(Data extracted from a collection)
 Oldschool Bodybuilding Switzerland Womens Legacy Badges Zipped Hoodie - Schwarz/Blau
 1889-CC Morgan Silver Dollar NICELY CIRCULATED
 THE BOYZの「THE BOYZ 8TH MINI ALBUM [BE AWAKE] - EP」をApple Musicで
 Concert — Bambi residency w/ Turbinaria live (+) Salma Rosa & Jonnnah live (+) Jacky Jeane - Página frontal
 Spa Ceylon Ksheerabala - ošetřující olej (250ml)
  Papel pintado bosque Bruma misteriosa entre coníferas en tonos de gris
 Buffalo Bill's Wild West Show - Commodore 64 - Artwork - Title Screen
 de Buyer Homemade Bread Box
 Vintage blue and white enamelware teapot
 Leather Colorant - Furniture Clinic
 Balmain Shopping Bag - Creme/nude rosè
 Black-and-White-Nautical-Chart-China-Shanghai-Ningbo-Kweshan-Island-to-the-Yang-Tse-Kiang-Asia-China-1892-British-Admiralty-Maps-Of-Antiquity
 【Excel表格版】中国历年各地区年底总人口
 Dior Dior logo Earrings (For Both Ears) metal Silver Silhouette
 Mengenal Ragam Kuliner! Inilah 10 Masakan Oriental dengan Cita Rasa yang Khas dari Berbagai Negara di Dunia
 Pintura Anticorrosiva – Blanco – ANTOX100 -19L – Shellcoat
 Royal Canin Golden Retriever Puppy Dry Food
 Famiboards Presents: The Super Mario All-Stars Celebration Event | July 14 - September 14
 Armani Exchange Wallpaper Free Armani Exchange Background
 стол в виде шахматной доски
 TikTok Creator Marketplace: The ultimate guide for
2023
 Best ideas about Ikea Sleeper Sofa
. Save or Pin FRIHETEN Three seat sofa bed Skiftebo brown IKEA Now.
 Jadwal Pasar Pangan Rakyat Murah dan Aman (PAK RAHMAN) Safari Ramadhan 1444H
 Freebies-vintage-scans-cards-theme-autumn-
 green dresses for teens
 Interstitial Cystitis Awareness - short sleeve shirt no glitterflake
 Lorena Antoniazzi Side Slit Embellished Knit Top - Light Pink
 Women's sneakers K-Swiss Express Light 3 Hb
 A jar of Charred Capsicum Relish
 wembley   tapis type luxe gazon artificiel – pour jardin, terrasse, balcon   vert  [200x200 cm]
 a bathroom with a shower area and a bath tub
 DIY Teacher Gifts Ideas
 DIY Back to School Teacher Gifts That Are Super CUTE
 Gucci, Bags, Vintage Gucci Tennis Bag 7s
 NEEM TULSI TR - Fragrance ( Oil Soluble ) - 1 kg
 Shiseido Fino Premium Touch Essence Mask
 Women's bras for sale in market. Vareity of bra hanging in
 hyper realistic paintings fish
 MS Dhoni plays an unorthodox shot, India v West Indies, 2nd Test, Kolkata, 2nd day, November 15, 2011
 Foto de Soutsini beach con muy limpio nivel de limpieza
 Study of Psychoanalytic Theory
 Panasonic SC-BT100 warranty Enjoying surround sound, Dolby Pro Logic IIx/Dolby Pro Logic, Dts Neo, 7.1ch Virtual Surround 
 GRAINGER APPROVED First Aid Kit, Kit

**Exercise:**
Output, from the data above, the lines from the line with "tapis type luxe" to the line with "DIY Back to" exactly as they stand, both ends included and nothing else.

**Final answer:**
 wembley   tapis type luxe gazon artificiel – pour jardin, terrasse, balcon   vert  [200x200 cm]
 a bathroom with a shower area and a bath tub
 DIY Teacher Gifts Ideas
 DIY Back to School Teacher Gifts That Are Super CUTE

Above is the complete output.